In vivo studies of propolis extract were done to further check the safety level of the propolis extract. Thus, according to the OECD Regulation (2002), because one mouse from the preliminary study showed toxic symptoms as a result of oral ingestion of 300 mg/kg BW propolis extract, 300 mg/kg BW was used for the main acute toxicity study study of propolis mice. Based on Figure 5, the mean variation in body weight of mice during the first pivotal study does not show significant changes in body weight of the CMC-Na treated mice (control mice).
However, the second main study does not show significant changes in the body weight of the control and propolis-treated mice (Figure 5). Based on Figure 7, there are no significant changes in organ index for several organs such as liver, spleen, kidney and lungs in the mice. However, the intestinal organ index shows a significant difference between control mice and treated mice.
However, the second main study shows no significant difference of organ index of control mice and mice treated with propolis extract (Figure 8). Furthermore, the necropsy results of one of the rats from the first main study of the 300 mg/kg BW extract-treated group (Figure 6) show the presence of a blister-like intestine and putrid organ. Based on the necropsy results of mice, propolis does not cause any significant changes in the organ of mice treated with propolis.
Thus, the main reason for the bubble-like intestinal presence in one of the mice from the first main study with 300 mg/kg extract is more likely due to the infection in the mice due to the presence of pathogens in the environment of mice. Thus, the cause of the bubble-like intestine in one of the mice from the first main study at 300 mg/kg bw may be due to bacterial or parasitic infection.
CONCLUSION AND RECOMMENDATION
The internship project is a great opportunity for me to grow, because during the internship I learn a lot of knowledge, especially technical and soft skills that I did not acquire in the classroom before. During the internship, I learned a lot about the common mistakes that can happen during an in vivo study and the unpredictable events that always happened in laboratory work. However, during my internship, I learned that mistakes should be taken as hidden knowledge that can benefit me in life after graduation.
Our task as researchers is to search for the hidden gems in this vast universe with our little understanding. This leads me to believe that there will be many opportunities to come during the research. The solution is still there, but we have to overcome a lot of trial and error to reach the solution.
It may be difficult at first, but this step will influence human knowledge for a better life. So I look forward to my future development and will remind myself that everything will shine when the right time has come.
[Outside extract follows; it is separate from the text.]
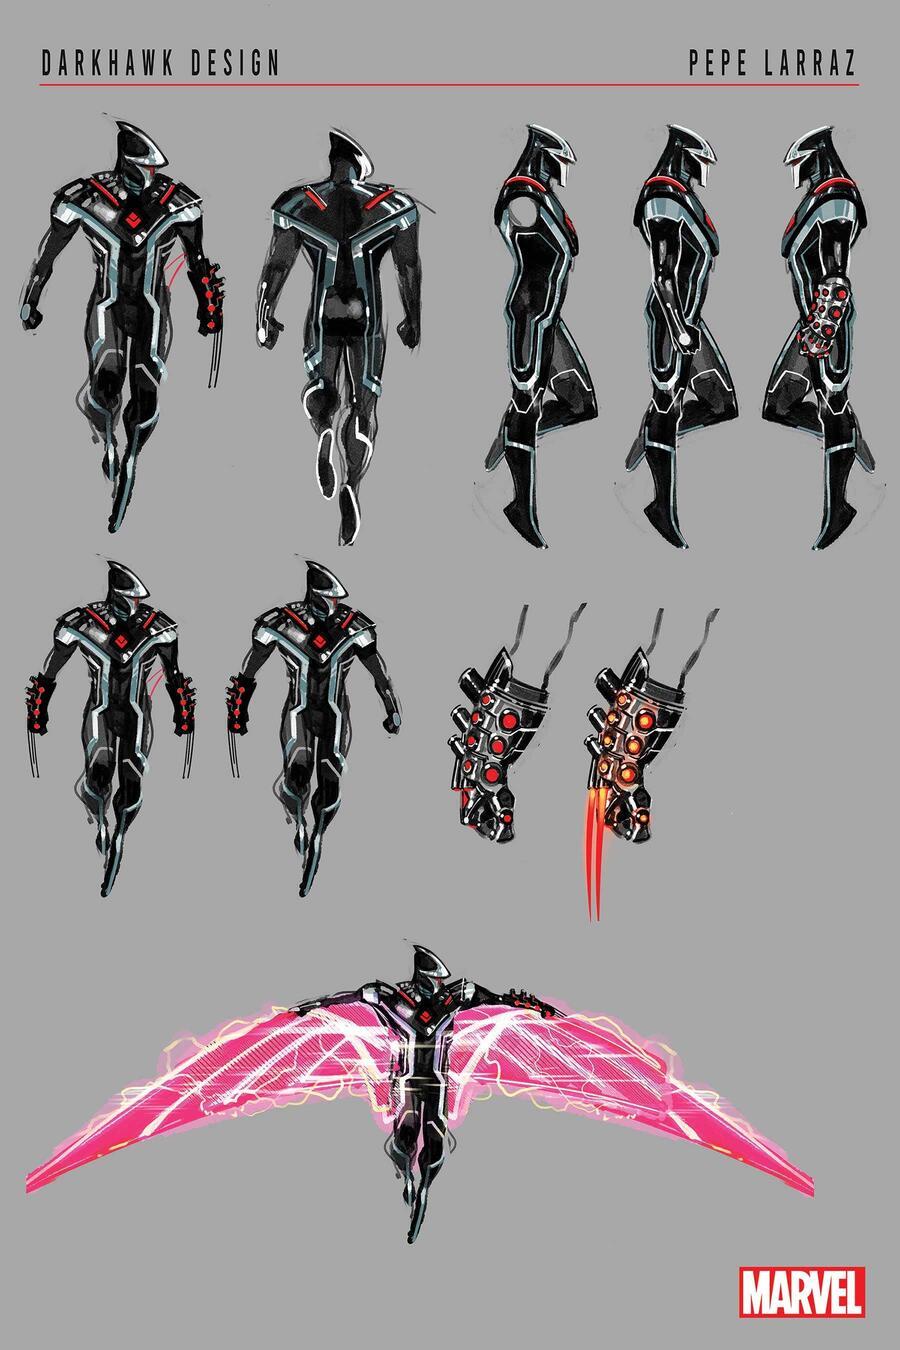 Darkhawk, character design di Pepe Larraz

Contamination of herbal medicines marketed in Kaduna metropolis with selected pathogenic bacteria. African Journal of Traditional, Complementary and Alternative Medicine.
Review of bee propolis (propolis) biological properties and toxicity. Food and chemical toxicology: an international journal published for British Industrial. 2017). European Union Reference Laboratory for Alternatives to Animal Testing. In silico investigation of potential inhibitors for head protease and spike protein of SARS-CoV-2 in propolis. Toxicity studies of drugs and chemicals in animals: an overview. Bulgarian Journal of Veterinary Medicine,20(4).